• Supplied information:

□ □ □ □ □ □ □

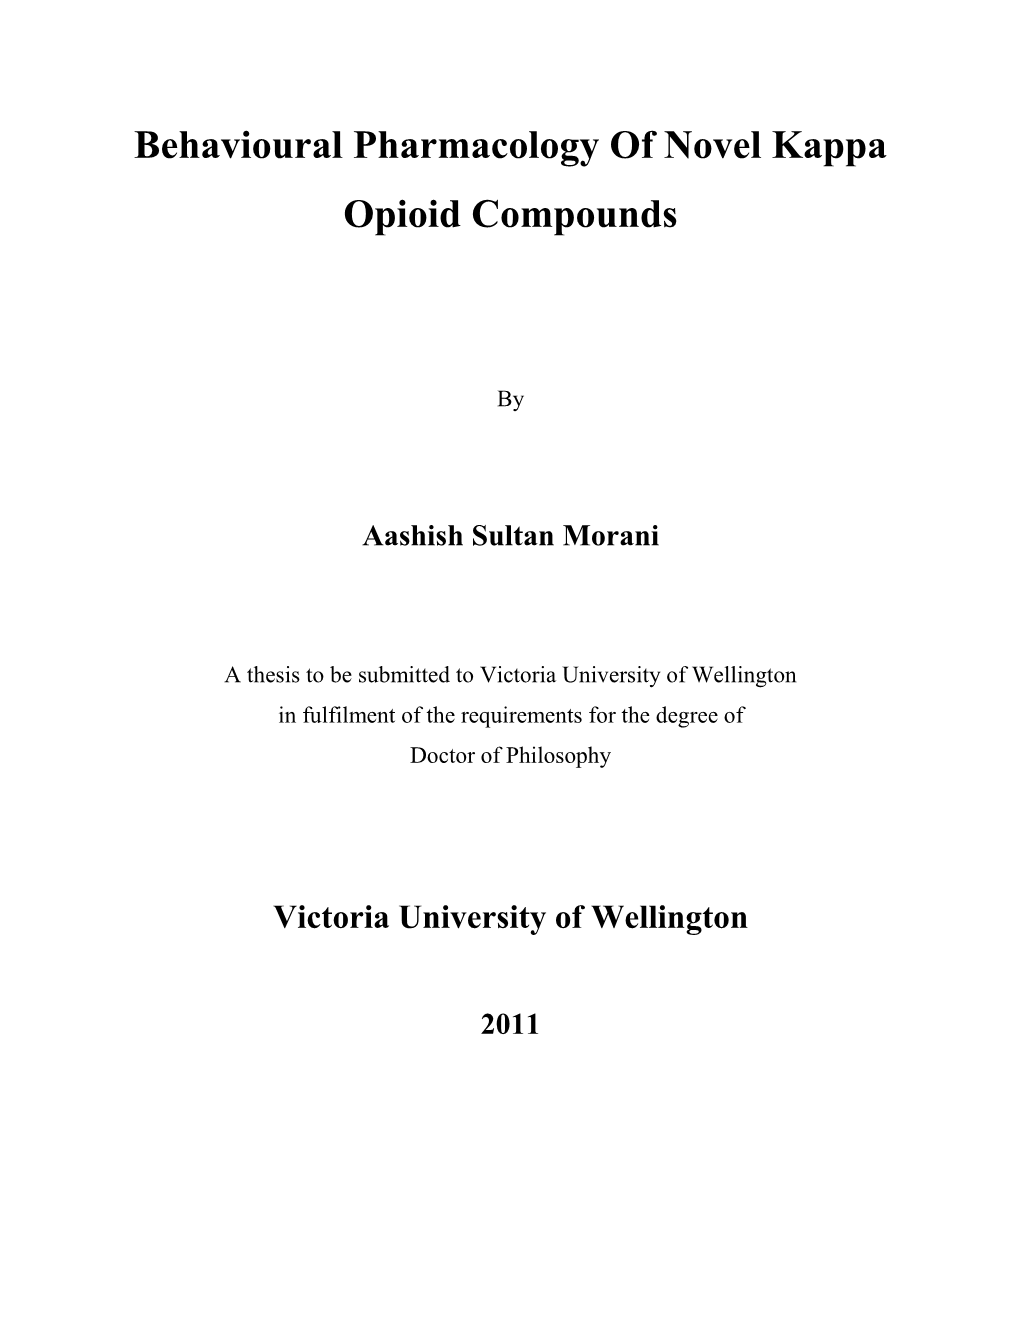 Behavioural Pharmacology of Novel Kappa Opioid Compounds
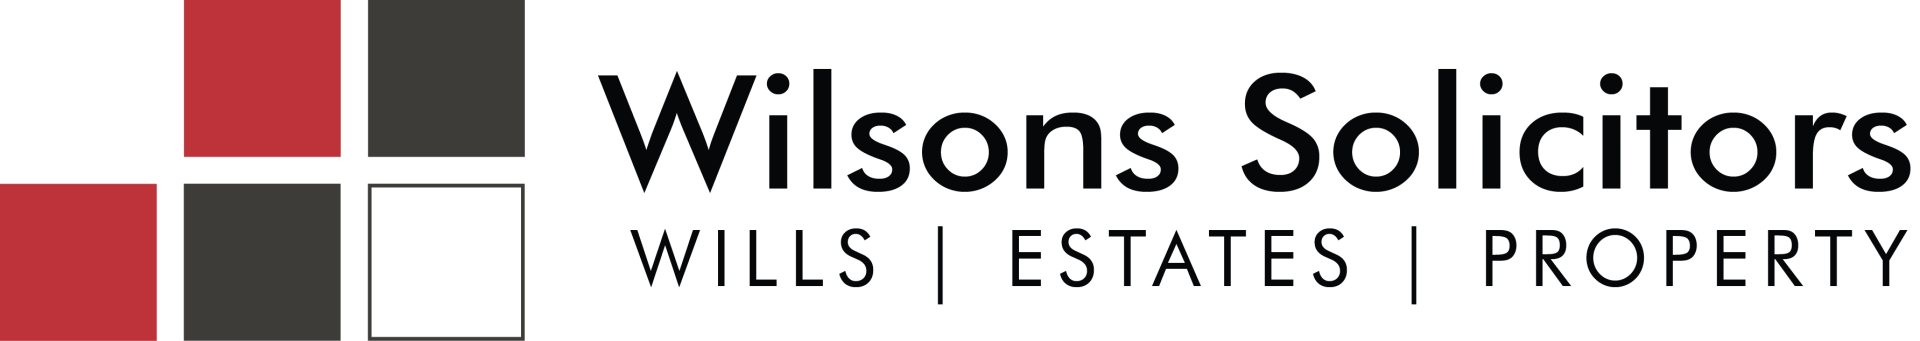 Wilson Solicitors & Attorneys | Wills | Estates | Conveyances
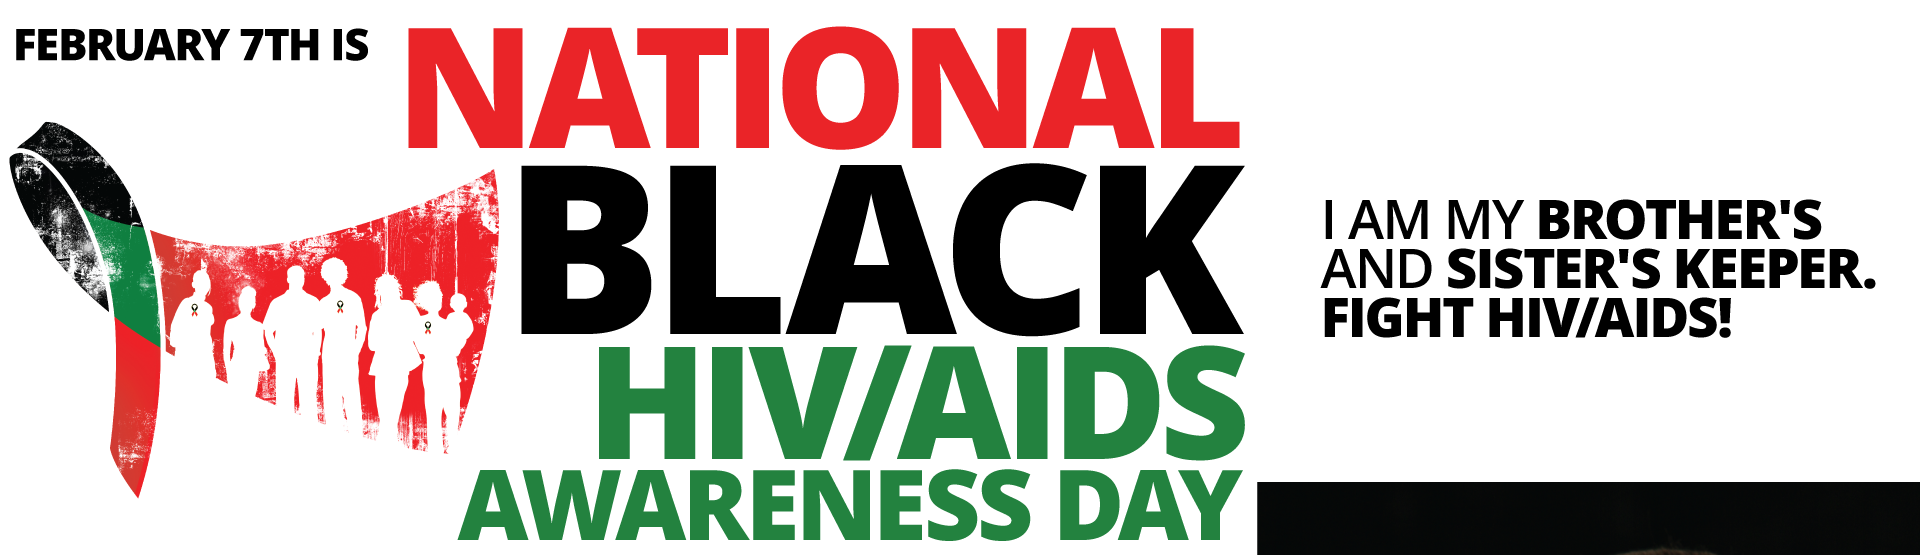 Black-HIV-AIDS-Awareness-Day-Carousel-5_Home

□ □ □ □ □ □ □

• To do:
Please write out the entire listing above exactly, but leave the pictures out.

• Your response:
 Behavioural Pharmacology of Novel Kappa Opioid Compounds
 Wilson Solicitors & Attorneys | Wills | Estates | Conveyances
 Black-HIV-AIDS-Awareness-Day-Carousel-5_Home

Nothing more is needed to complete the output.